JASIST IndexJASIST Table of Contents

Journal of the Association for Information Science and Technology



In This Issue
Bert R. Boyce





Subject Categorization of Query Terms for Exploring Web Users' Search Interests
Hsiao-Tieh Pu, Shui-Lung Chuang, and Chyan Yang
Published online 3 April 2002

In this issue Pu, Chaung, and Yang, given a subject taxonomy, wish to automatically assign terms, or phrases, found in search engine queries to the appropriate categories in that taxonomy. Using high frequency terms from three Taiwanese search engine query logs, human analysts assigned terms to the appropriate taxonomic categories providing a set of terms characterizing each topic. The average length of a query was 3.18 Chinese characters while the average word length in Chinese is approximately 1.5 characters. The average English query was 1.1 words in length. Thus queries were treated as single phrases to be categorized, and since a small number of queries were repeated very often the top 20 thousand query terms (about 81%) of each log were extracted. The taxonomy was built with knowledge of these high frequency terms and the structures of several commercial search services using the Saracevic-Kantor methodology and it incorporated 15 major categories and 85 sub-categories. The 9,709 terms in common from the top 20 thousand from each log were chosen as seed terms for 400 hours of manual categorization. To categorize a term it is searched on multiple engines and terms co-occurring with it in hits are collected. These are then used to measure similarity with the existing taxonomic categories' seed term sets. Auto-categorization results seem encouraging and matching rates with human assignment increase with core terms assigned to categories and with the number of suggested categories included as matches. Certainly the automatic categorization process is much faster. While relative rankings of category use figures do not change over a twelve-month period, each top category has its own distribution over time.
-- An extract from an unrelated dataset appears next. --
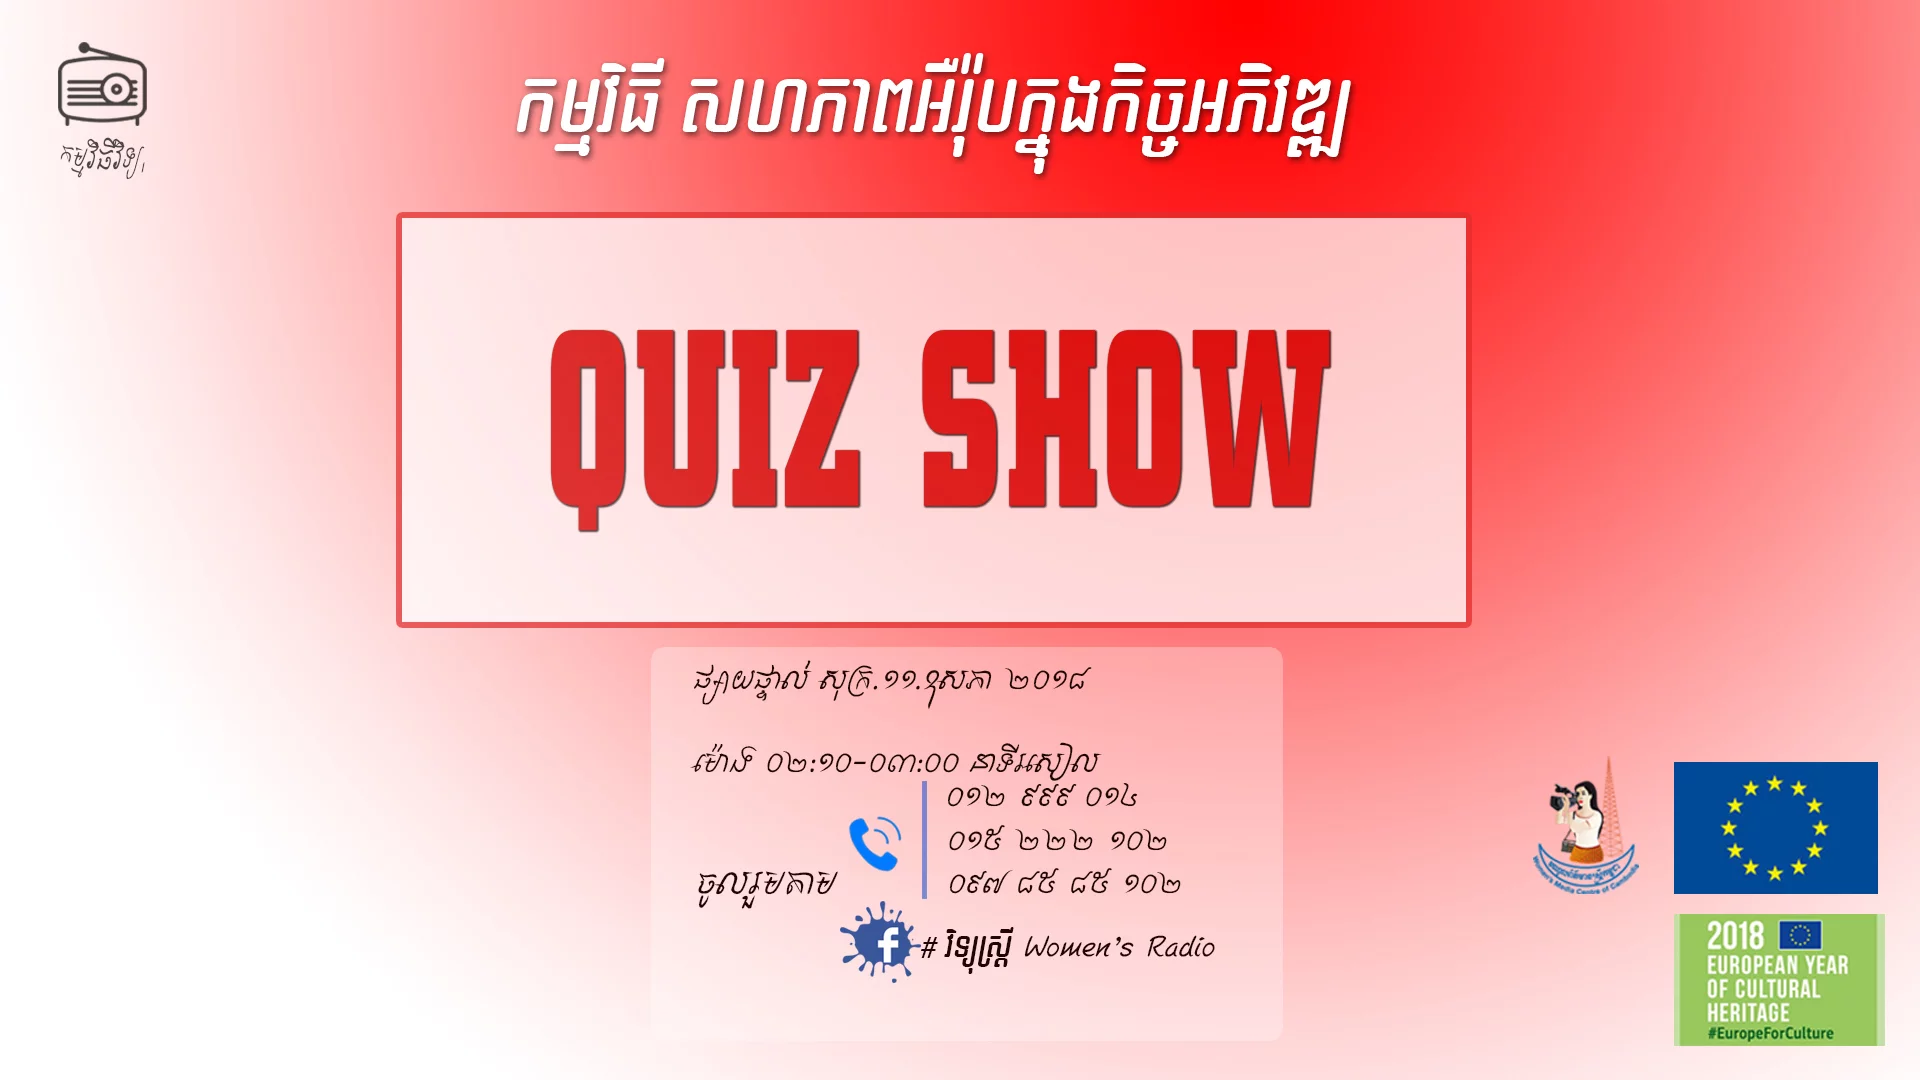 Promote-FB-EU-Pro11-Quiz-Show.jpg
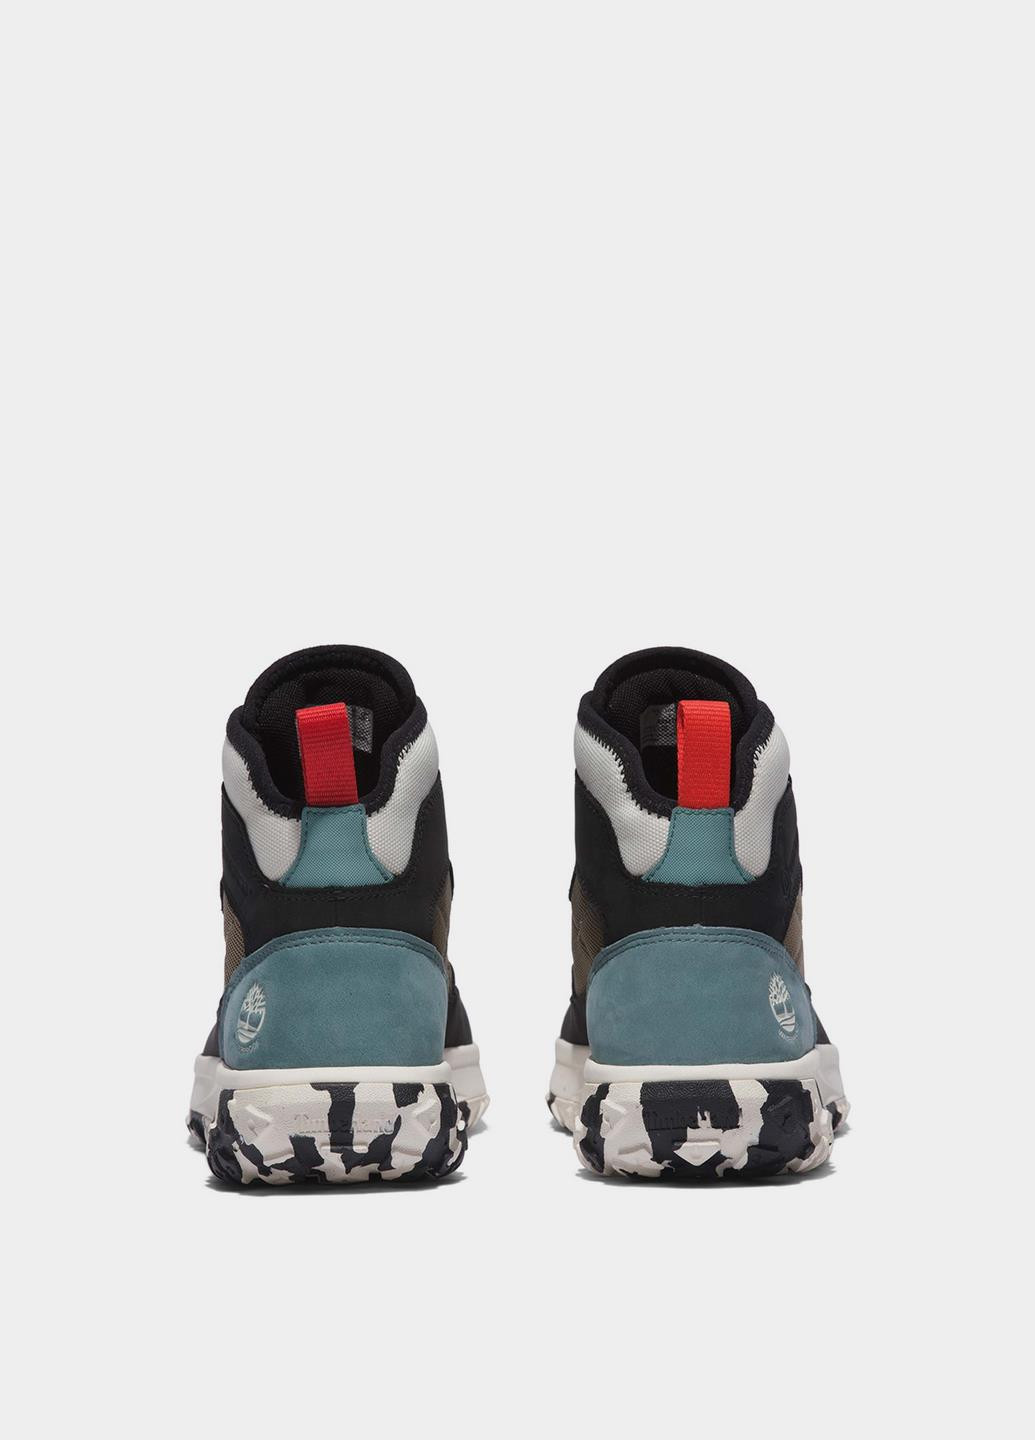 Зимние женские ботинки waterproof greenstride™ motion 6 hiker tb0a2mt9015 Timberland из натурального нубука, тканевые

Disciplinary Differences and Undergraduates' Information-Seeking Behavior
Ethelene Whitmire
Published online 4 April 2002

Whitmire attempts to find differences in the information seeking behavior of undergraduates based upon their disciplines using Biglan's disciplinary dimensions; hard/soft, characterized by degree of agreement on questions and methods, pure/applied, characterized by the extent of practical applications, and organic/inorganic, characterized by the degree of study of living objects, by the analysis of 5,175 student responses to the College Student Experiences Questionnaire, demographic data, academic discipline, and responses to ten questions on the degree of library use. The use of t-tests, significant in seven of the ten questions, revealed that students in soft disciplines engaged in more library activity except for use of the library ``as a place to read or study.'' Pure disciplines demonstrated more library activity than applied, with significant results in nine of the ten questions. Organic disciplines made more use of the library, with the exception of ``as a place to read or study,'' than did inorganic with differences statistically significant in six of ten cases.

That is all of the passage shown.